If the ever-increasing number of Psiphon accounts is any indication of the growing number of VPN users worldwide, a substantial influx of independent users are entering a market in which they have no metric for critically evaluating the products. This group now bears the burden of understanding risks in the unfamiliar domain of cybersecurity. As such, they are therefore highly susceptible to misinformation. One such term that puts users on high alert is the pervasiveness of the term data logging throughout VPN websites and forums, and a misrepresentation of individual risks and methods to efficiently protect oneself.

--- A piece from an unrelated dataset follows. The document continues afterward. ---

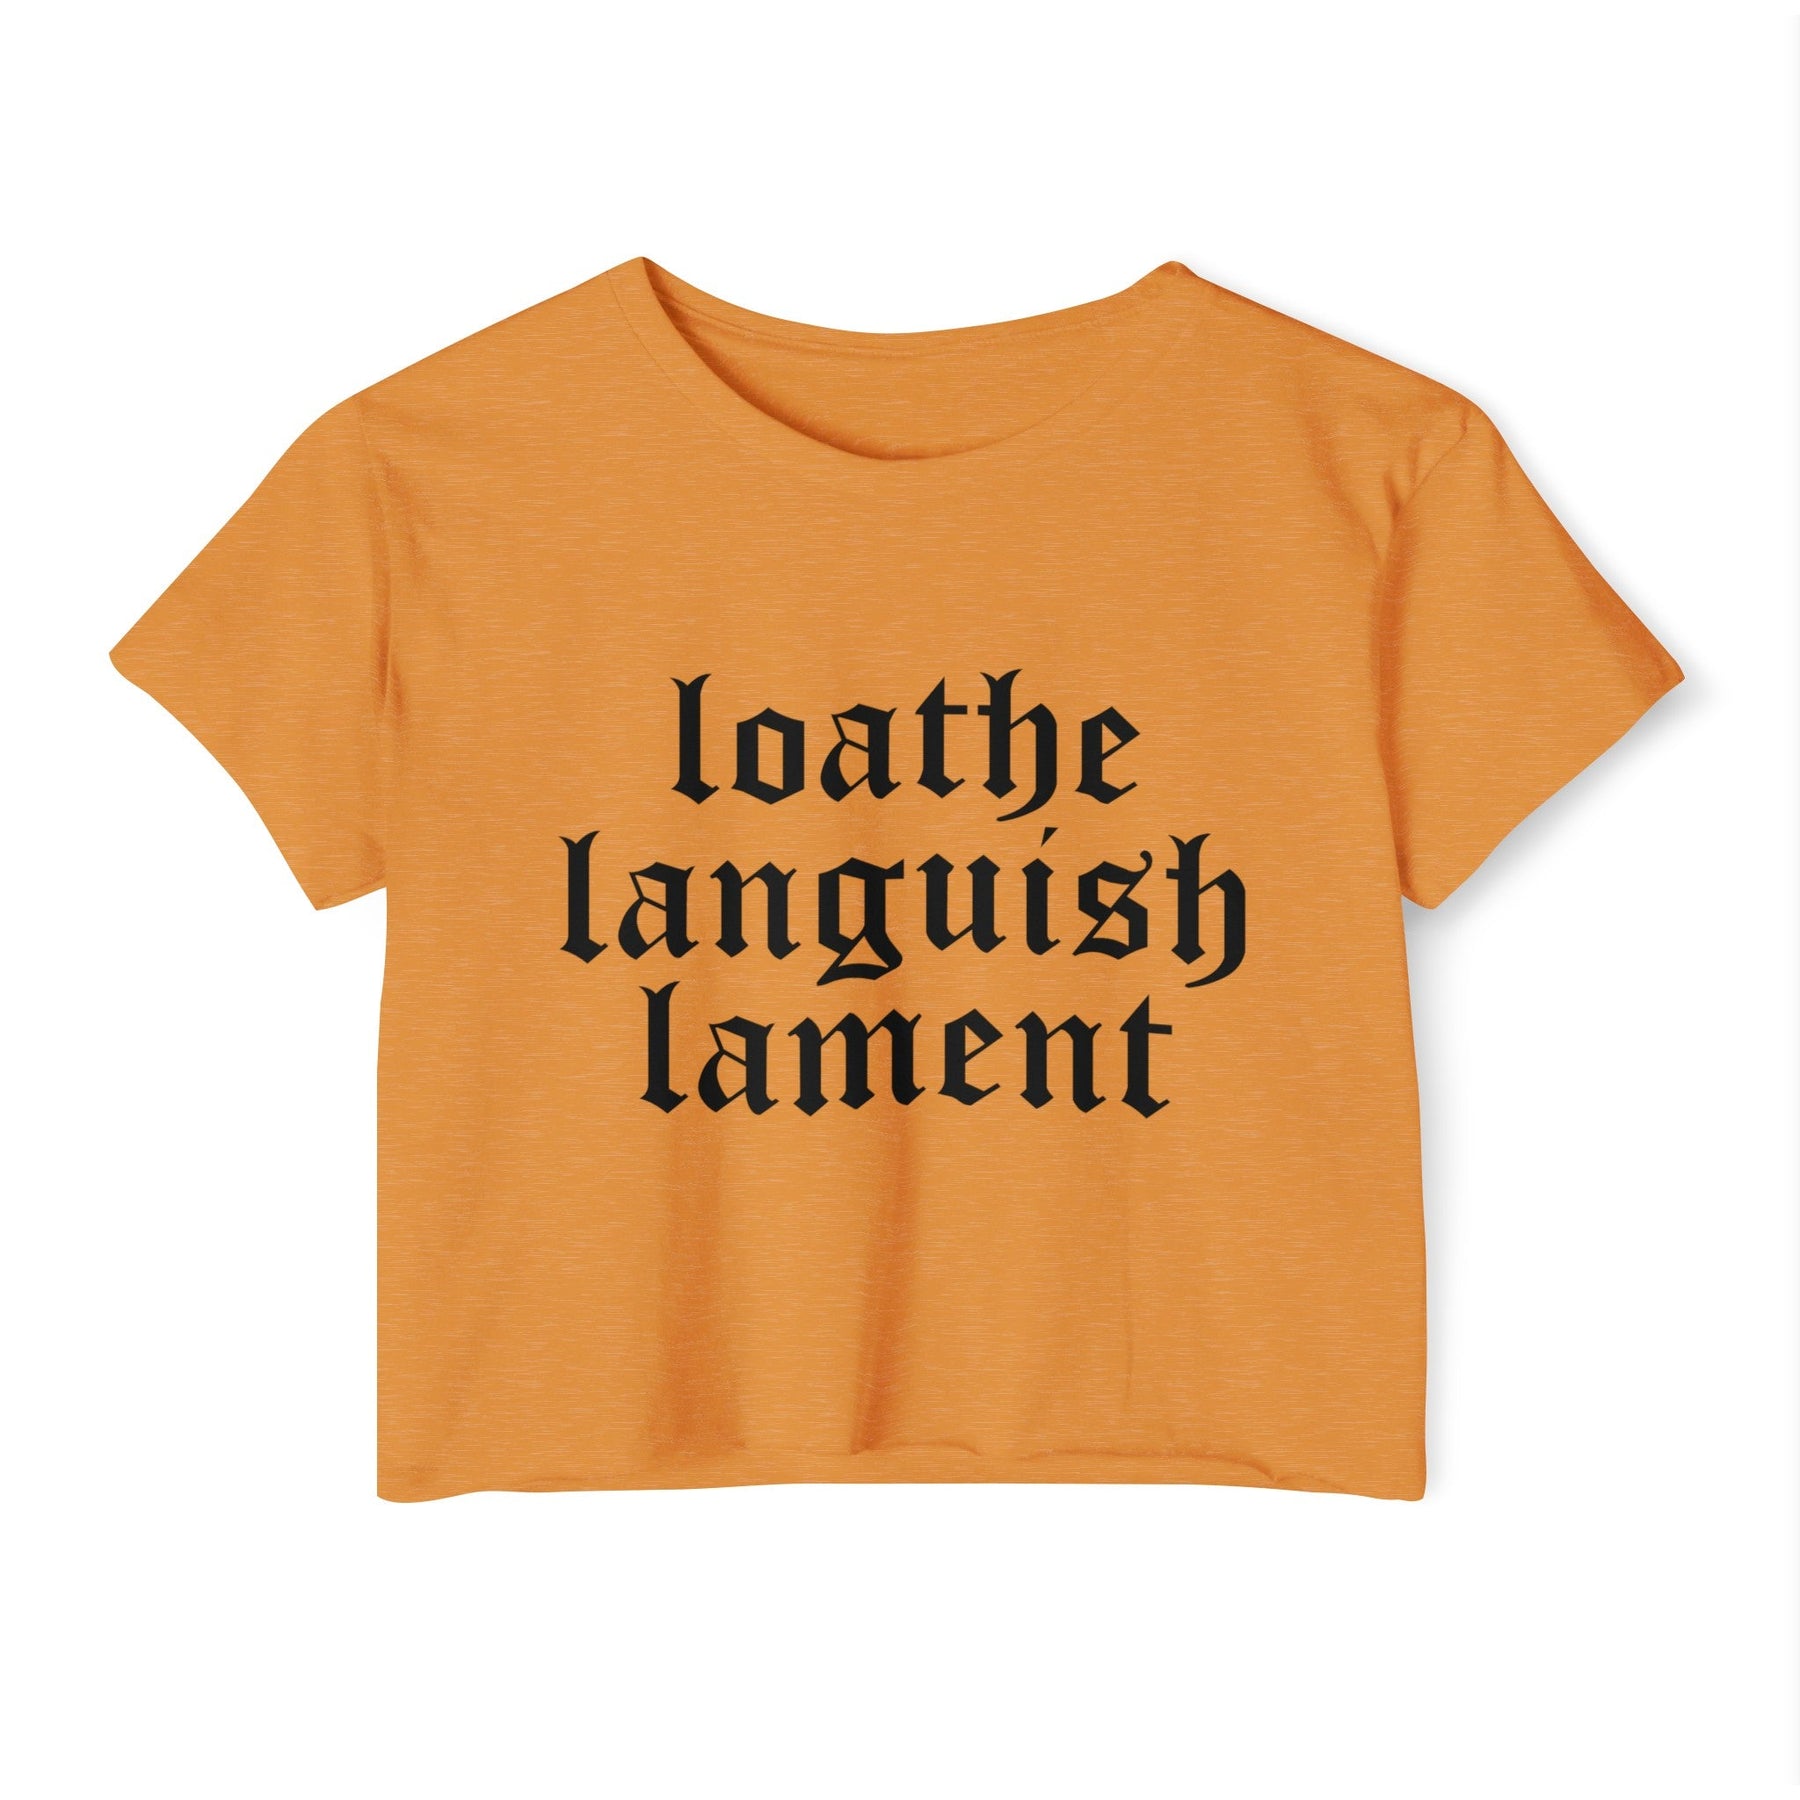 Loathe Languish Lament Women's Lightweight Crop Top - Goth Cloth Co.T - Shirt14922442453456470113

According to Techopedia, “data logging is the process of collecting and storing data over a period of time in order to analyze specific trends or record the data-based events/actions of a system, network or IT environment. It enables the tracking of all interactions through which data, files or applications are stored, accessed or modified on a storage device or application.”2  Many VPNs market a zero-logging policy as a seemingly unique product feature, thus insinuating that the internet traffic of average citizens is otherwise at constant risk of being logged and possibly exploited for commercial and legal purposes.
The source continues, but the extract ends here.